JCN – “Os resultados da nossa experiência libertina são há muito evidentes. Explosão de divórcios e violência familiar, queda catastrófica da natalidade, patologias mentais, sobretudo infantis, pornografia, degradação da mulher, insucesso escolar, marginalidade, droga, exclusão, vício, miséria, suicídio”.
Quem imaginaria na prática do sexo, que JCN chama “experiência libertina”, sequelas tão devastadoras e contraditórias? Nem um pároco de aldeia!
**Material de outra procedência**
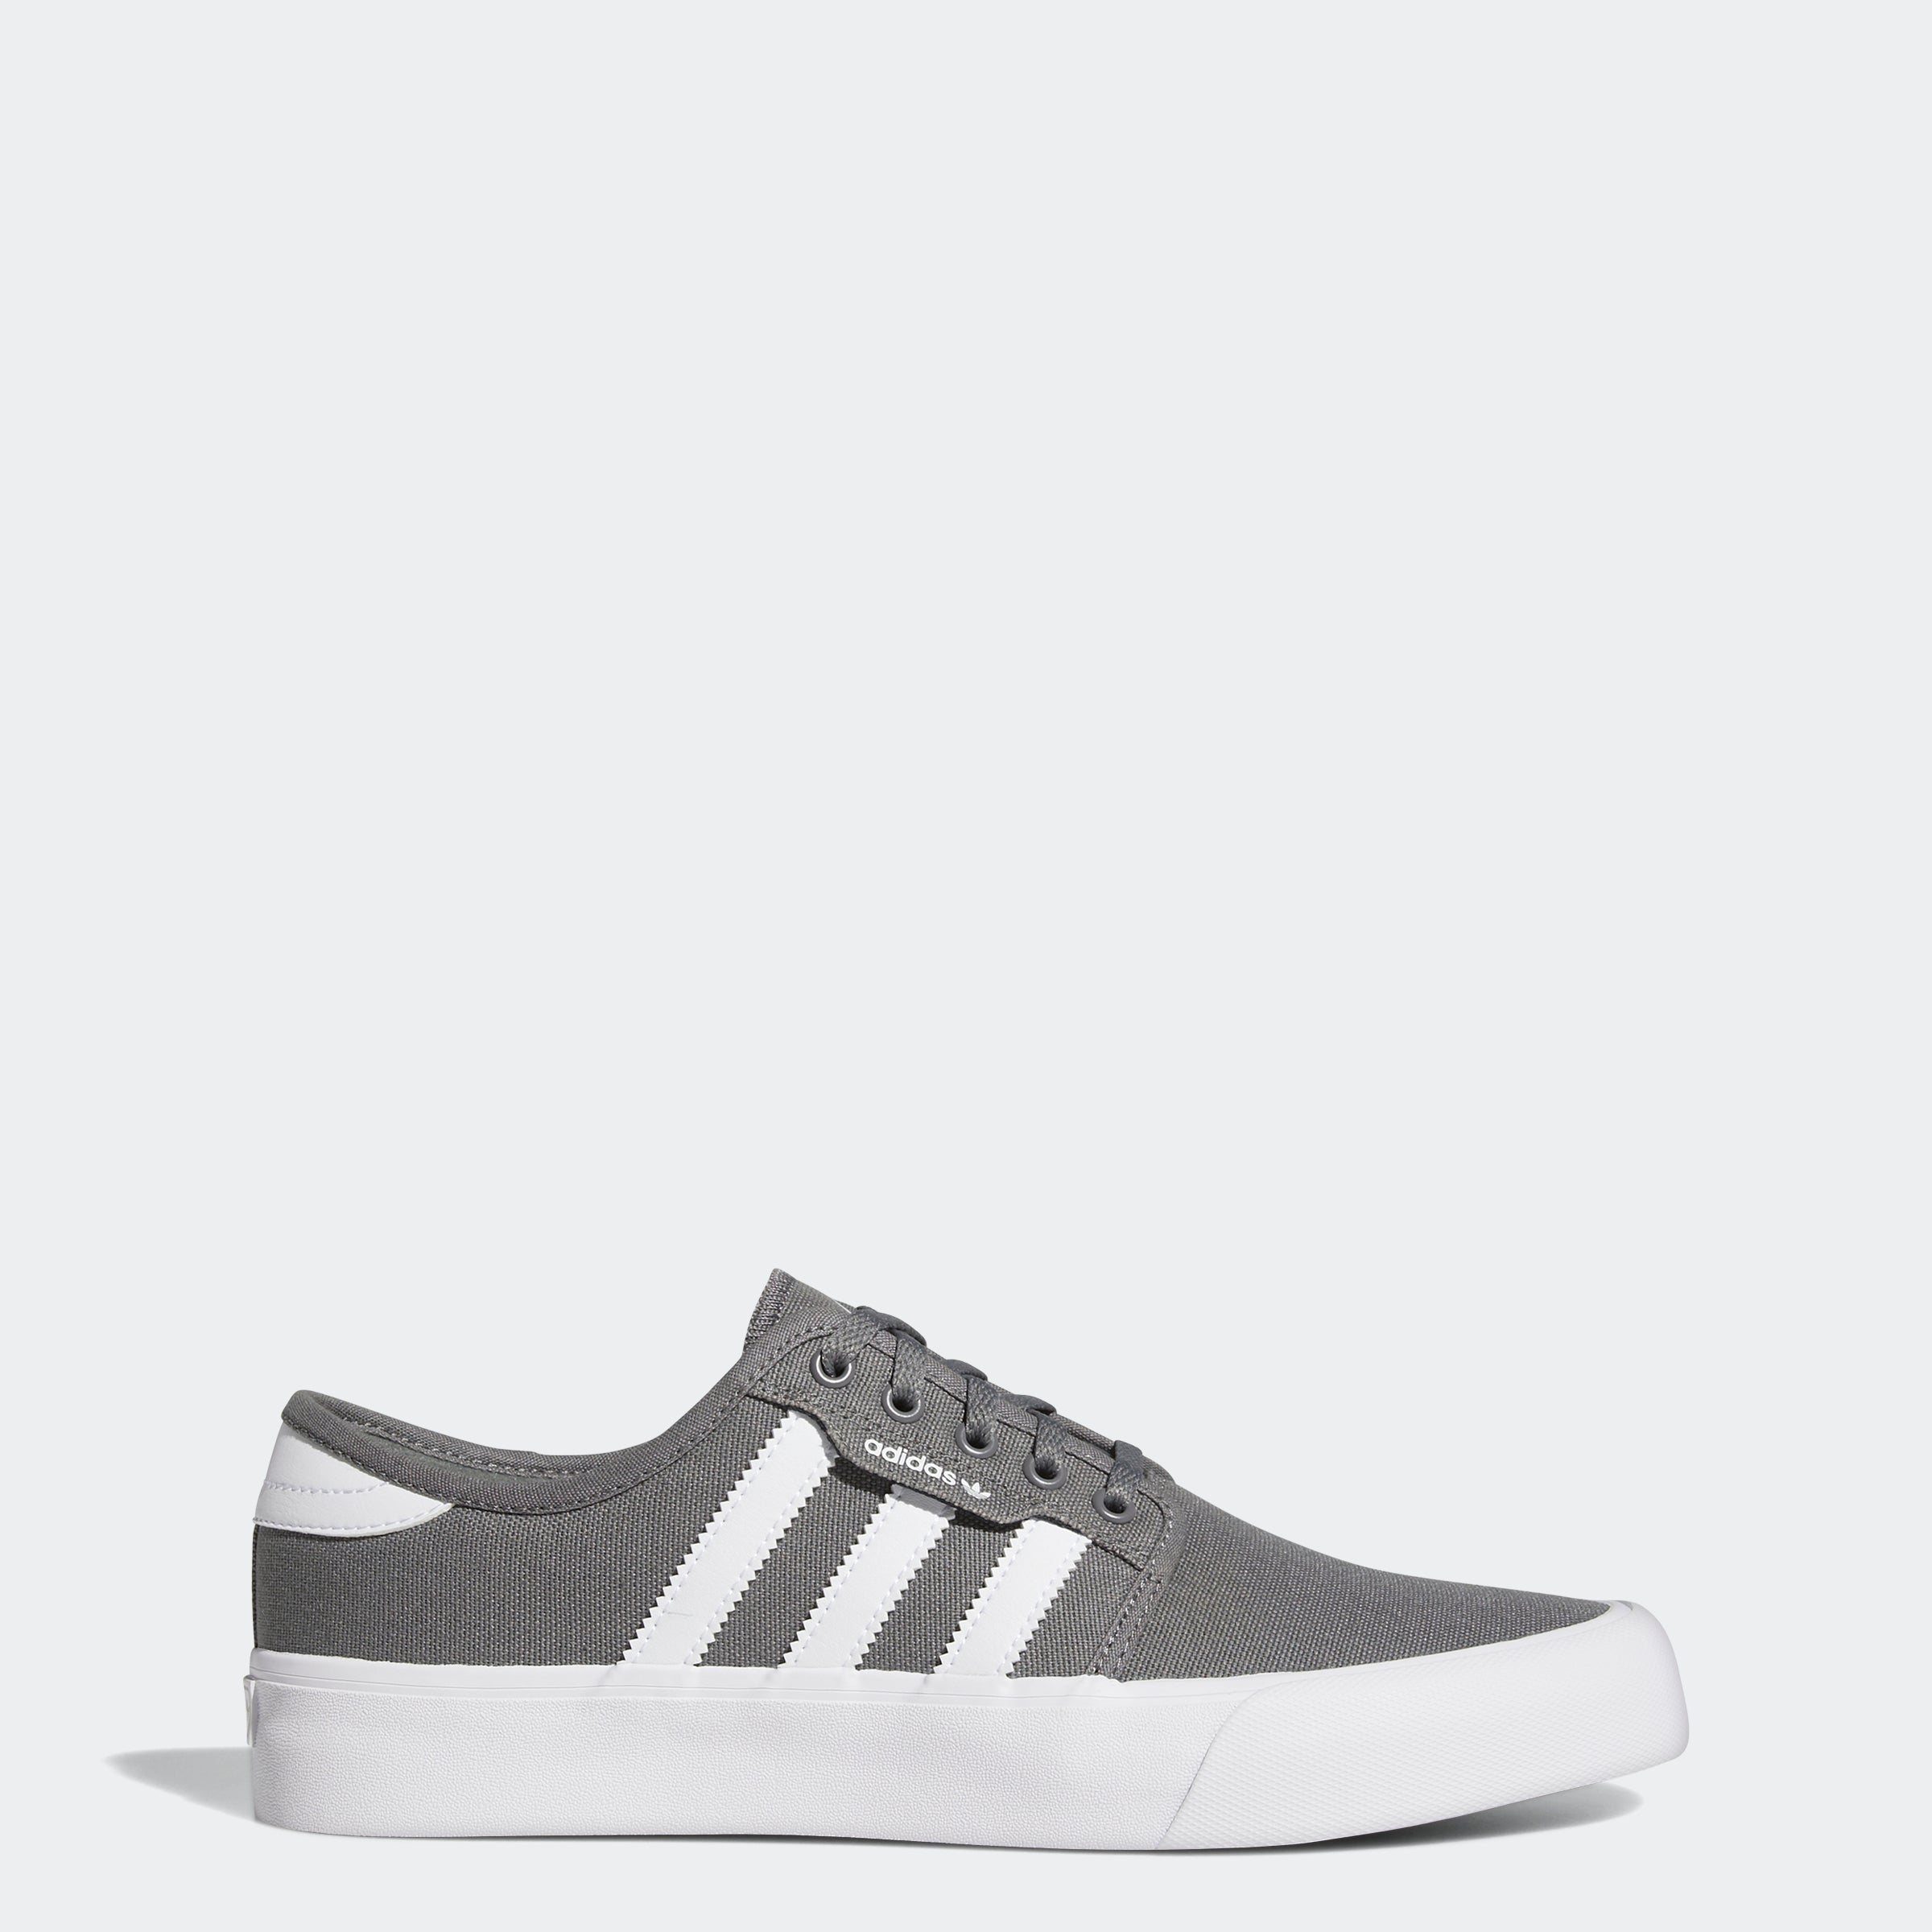 Men's adidas Seeley XT Shoes Grey White | Chicago Sports

JCN parece ignorar que a castidade é a mais demolidora atitude contra a reprodução e jamais alguém provou que a prática sexual seja culpada do insucesso escolar e, muito menos, da queda catastrófica da natalidade, entre as desgraças que aponta ao único prazer que não prejudica a saúde.
JCN finda a homilia, sem a ameaça do Inferno, mas acusando o Estado: “O propósito supremo é proteger desesperadamente o precioso postulado lascivo. Pode dizer-se que nisto o nosso tempo confirma o famoso epitáfio irónico: “Aqui jaz o homem que foi com um fósforo ver se havia gasolina no tanque. E havia.”
JCN ensandeceu mas continua a ser um manancial de humor num país sorumbático.